Another interesting aspect of the Aframax segment is that the fleet is “getting older extremely rapidly,” Ye said. The share of Aframaxes that are 15 years old or more in the total fleet is projected at 25% this year, 34% next year and 39% in 2019.

Scheduled deliveries of Aframaxes this year, at 34 units is around 5% of the existing fleet. A similar number of 31 is scheduled to be delivered next year, she added.

The order book of Aframaxes, or non-epoxy coated tankers, is not large enough to offset the rapidly aging fleet, she noted.

The trend of LR2s turning dirty could become even more common in the near future, Ye said. The average age of LR2s is around 7.1 years compared with that of almost 11 years for non-epoxy coated Aframax tankers.

“The LR2 and Aframax rates are likely to see an increasing convergence because of the growing use of the clean-to-dirty optionality,” she said.

The epoxy-coated tankers can be used as both clean and dirty, though returning to the clean products market after carrying cargoes of crude and fuel oil entails costs for making the ships suitable for doing so, in line with stringent specifications.

Increasingly, epoxy-coated tankers are being built for use in both the clean and dirty segments.
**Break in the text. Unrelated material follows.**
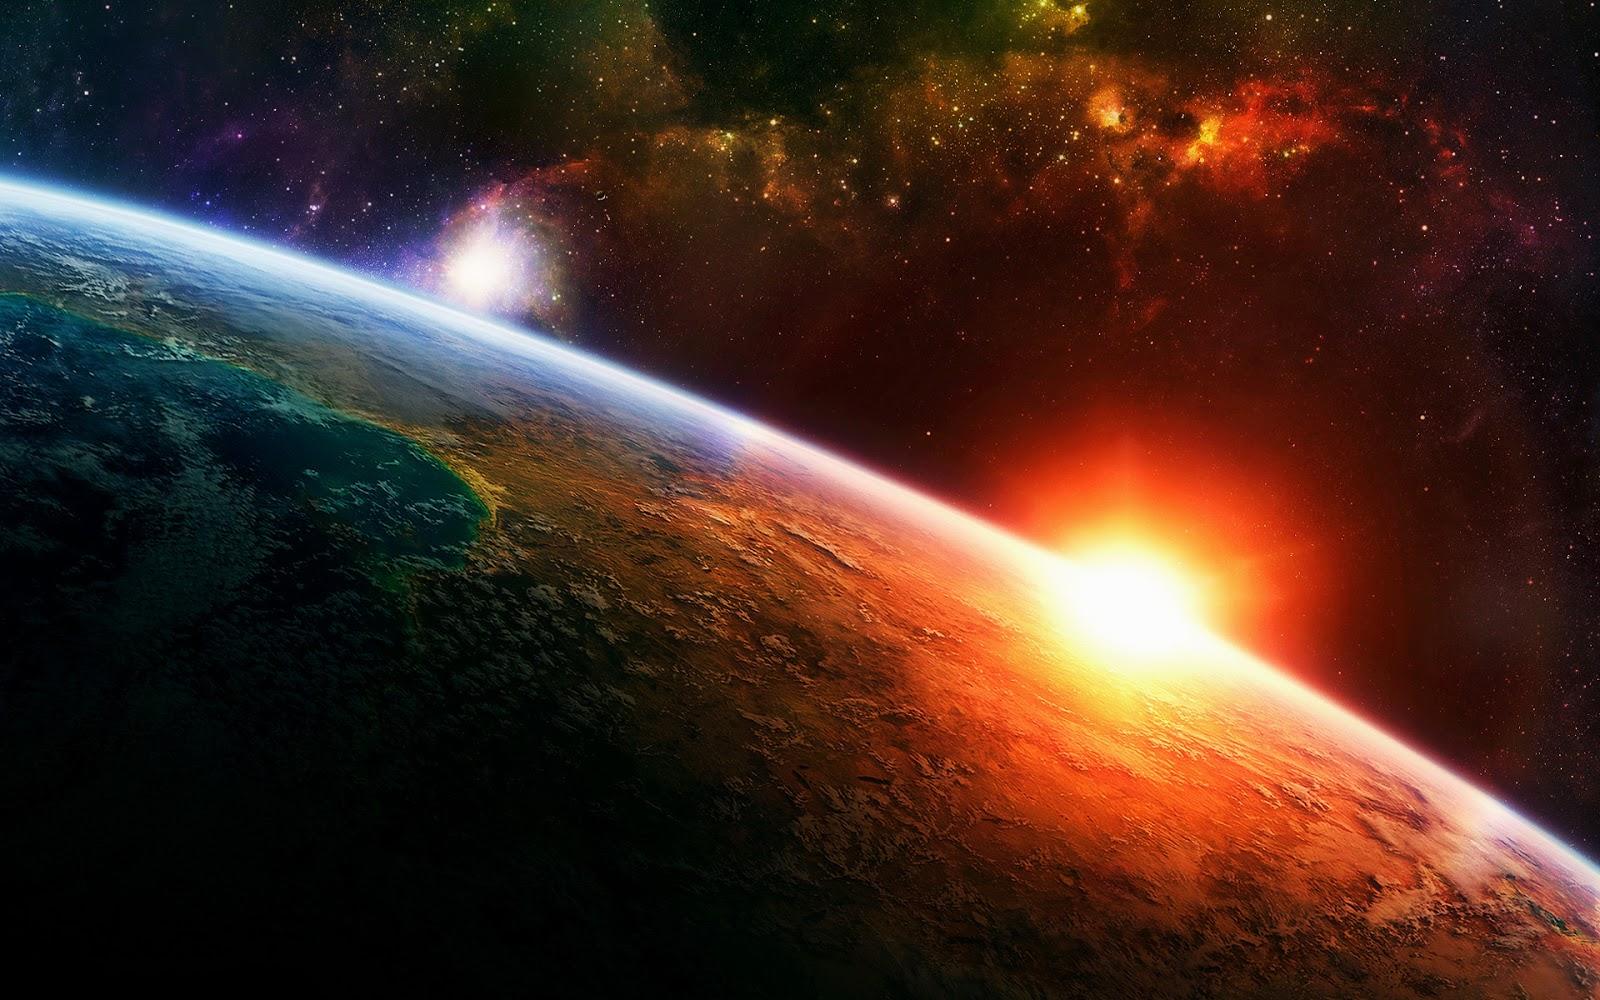 http://1.bp.blogspot.com/-b3ZmUrrtAV4/UJx8vV6M_hI/AAAAAAAALAA/6Lj3AzZ9C0I/s1600/6028_3d_space_scene_hd_wallpapers_sunset.jpg

The LR2s account for 32% of the LR2-Aframax fleet but they have a 44% share in the LR2-Aframax orderbook, Ye said.

The aging fleet along with the weaker freight rates and new regulations on ballast water management that will be implemented from September may give a fillip to the scrapping activity, she said.

On the trading pattern for Aframaxes last year, she said more than half of the fixtures in the East were on the Indonesia to Far East routes, while 20% were out of Kozmino.

Within the Indonesia to Far East sector, 36% of the fixtures were to China, followed by 20% to Singapore and Malaysia, 13% to Thailand, 11% to India and 7% to Korea. Around 70% of the fixtures out of Kozmino were for delivery into China.

The recent cut in crude production by OPEC and non-OPEC countries will only have a short-term impact on the shipping trade. While the volumes shipped by Saudi Arabia and Russia declines, it will be offset by higher flows from other countries, she said.